The aim is to convince national programs that it something they should do.

aud1: what IDs is?

Providing technical mechanism, eIDAS doesn’t care about what happens in the country - this is the problem. Mix of policies at the level it is possible to apply.


In the private sector business a global connectivity is a must


Trust frameworks seems to be monolithically.

Taking a trust framework and breaking apart the strong credentialing from the strong authentication to make it composable and achievable (this pattern applies to other parts of a trust framework as well)

Separating out the jurisdictionally-required parts from the globally-applicable parts so cross-jurisdictional implementation is possible. Making the jurisdictionally-required parts abstract enough so that they can be mapped to similar requirements in other jurisdictions, and documenting those mappings.

Aud 2: the necessity of doing the business is going to drive alive.

The European requirements are much stricter than US.

Aud 4: question about the documents about the mapping

Aud 2: there are on our website - Peter Alterman, Ph.D Chief Operating Officer - SAFE-BioPharma Association.

There is a line toward where the money is.

Joni: so the incentive is money

Aud 3: we get people working around with stuff - organic solutions are starting to emerge

Aud 4: is it better to have a common frameworks or individual?

Joni: I worry about the fact that we don't have the authority about these things. Sneaky partnerships are important! We want to get the people involved (like John Bradly?) and come back to a larger community to review.

Aud3: Example of sneaky collaboration: talking with Yubico to get stuff like PIV implemented in Yubikeys, other things that we need.

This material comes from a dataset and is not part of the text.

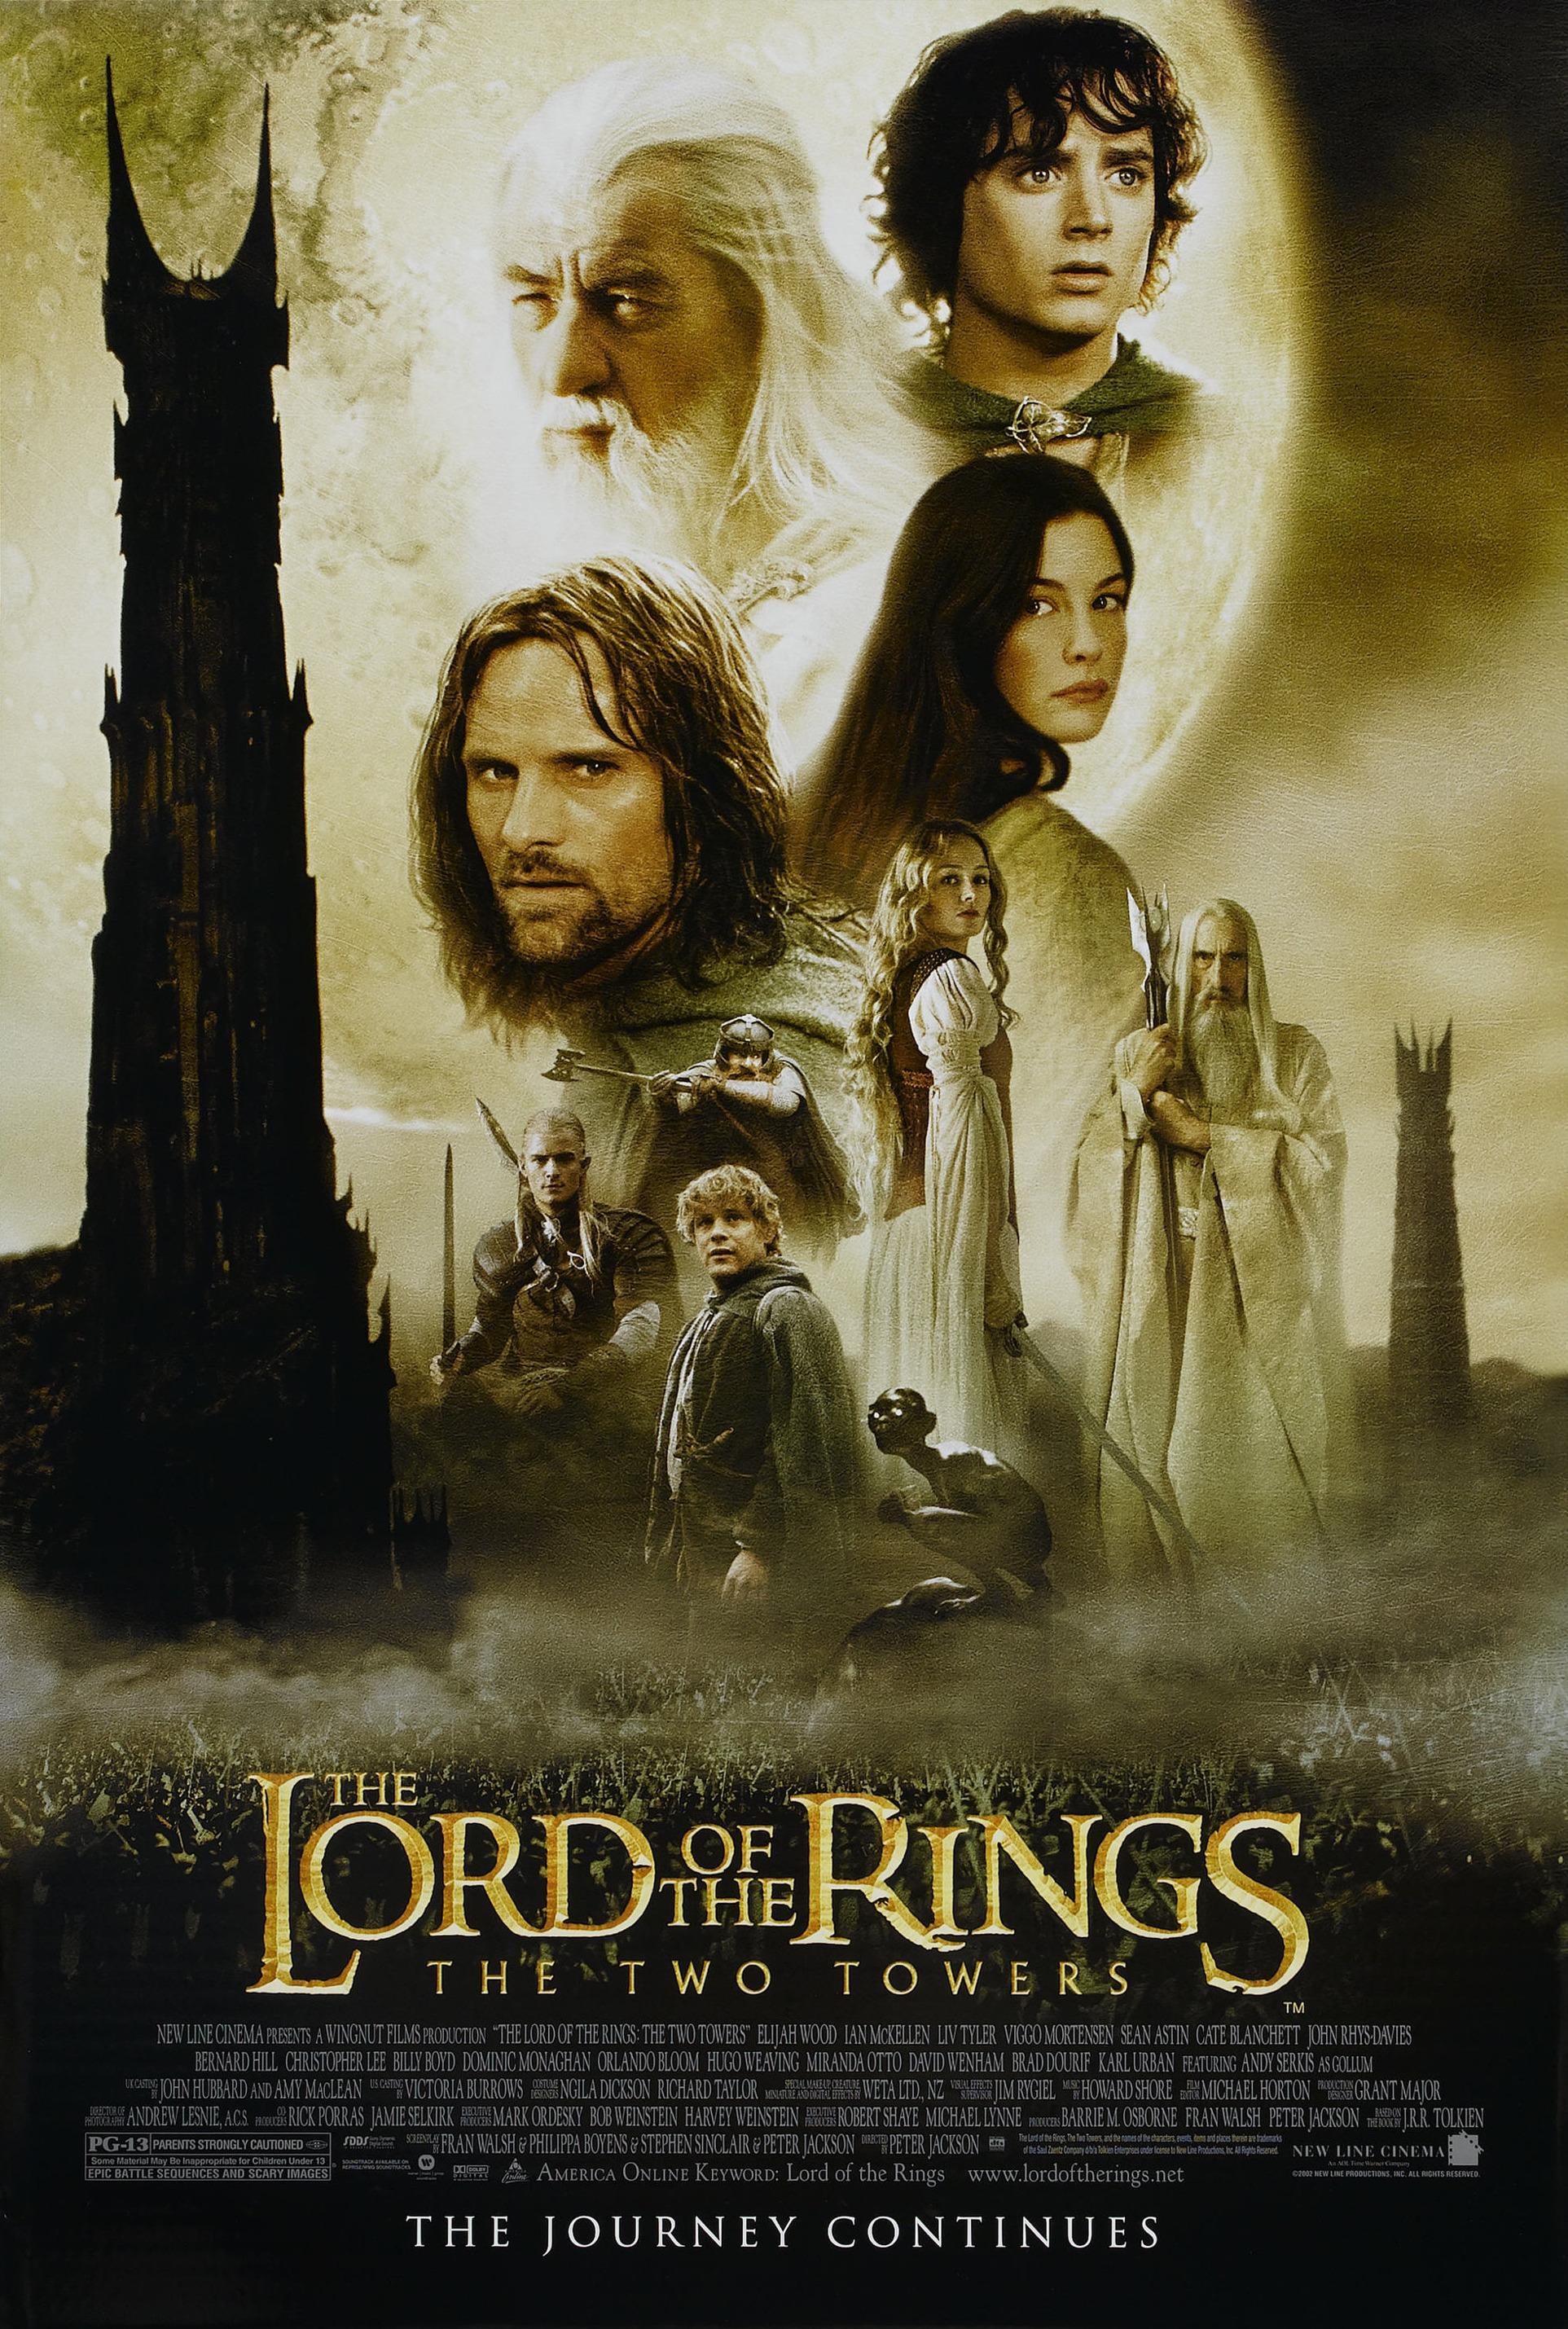 The Lord of the Rings - The Two Towers.jpg
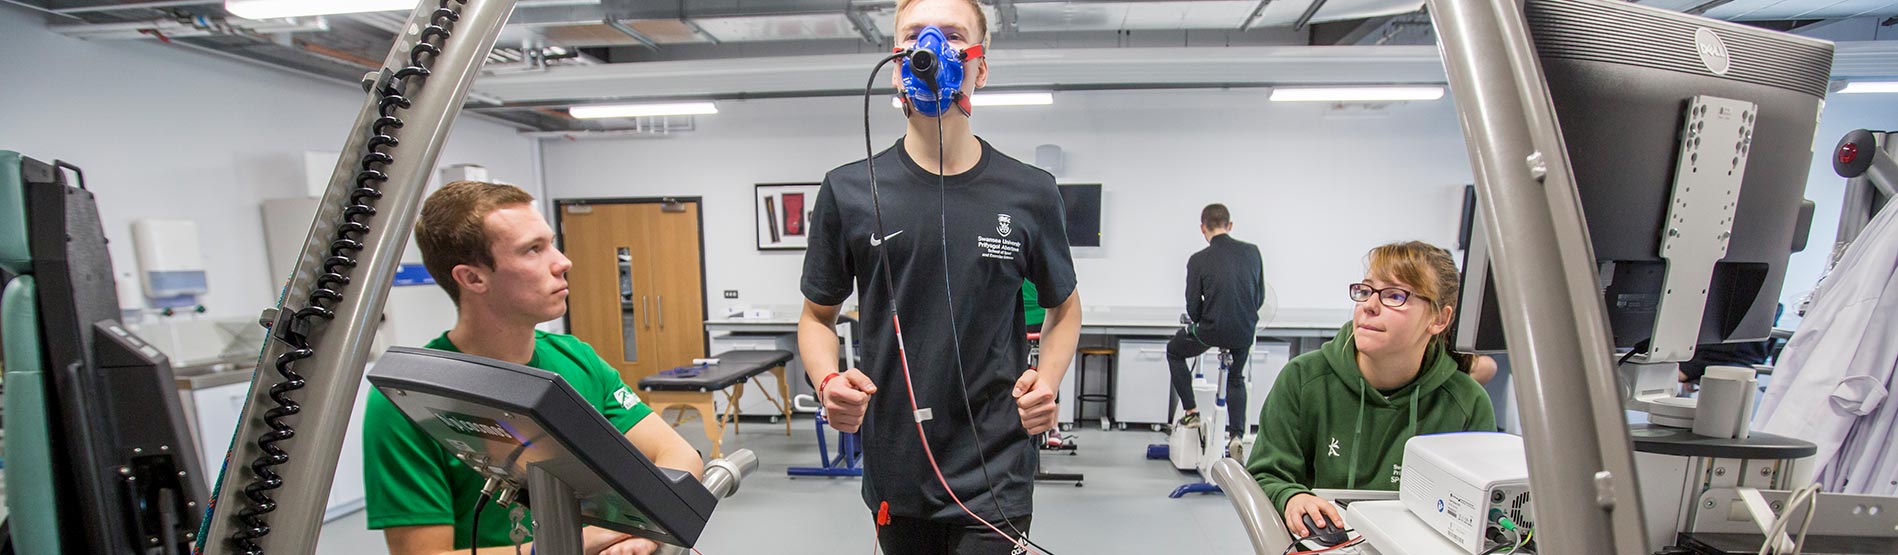 Sports Science Research, Sport Performance Institute

Diversity is important, there need to be other vendors we can work with besides Yubico on things like that.

Scott: Reputation goes a long way, risk analysis on reputation. We are afraid of security attacks on our reputation. I think that service providers (especially large providers) have the ability to shop around the federations. If one fed doesn’t give us what we need, we will go to another.

Sum up:

  • Incentivisation comes down to contact:
  • Private sectors – money
  • Academia – reputation
  • Government - GDP+money
  • Killer app is a driver
  • Another driver in the US: TIAA/CREF - in higher education. That would be a driver for schools to implement federated strong authentication.

: the ‘coolness factor’

“Kind of competition: which country is cooler?”

Brook: an on boarding accomplishment (used on every level of education in Taiwan)

Peter: the digital device doesn’t exist because there are multiple devices, they cannot cooperate with the banking sites and that is a problem

  • Proposition of having thousands of mini killer apps
  • There are killer apps with massive audience
  • Joni: Gaining knowledge from different countries and showing its incentives
  • the problem of cloud - lack of portability (identity against cloud)

We want to see the value in putting the effort - its money.

Aud: what about the availability of standard tools?

Many of the snowflakes (the administration of it) is coming to having an argument why they are keeping the luxury snowflake instead of the standard one? You need to create a market - nobody is actually taking this step

Aud3: not having the identity on its place is a deal breaker - again organic evolution against ‘good things’. You could get a situation where a lot IDPs don’t have a way to create another snowflakes.


There is no one simple solution.

The issue is that the killer app always works slightly different in each country.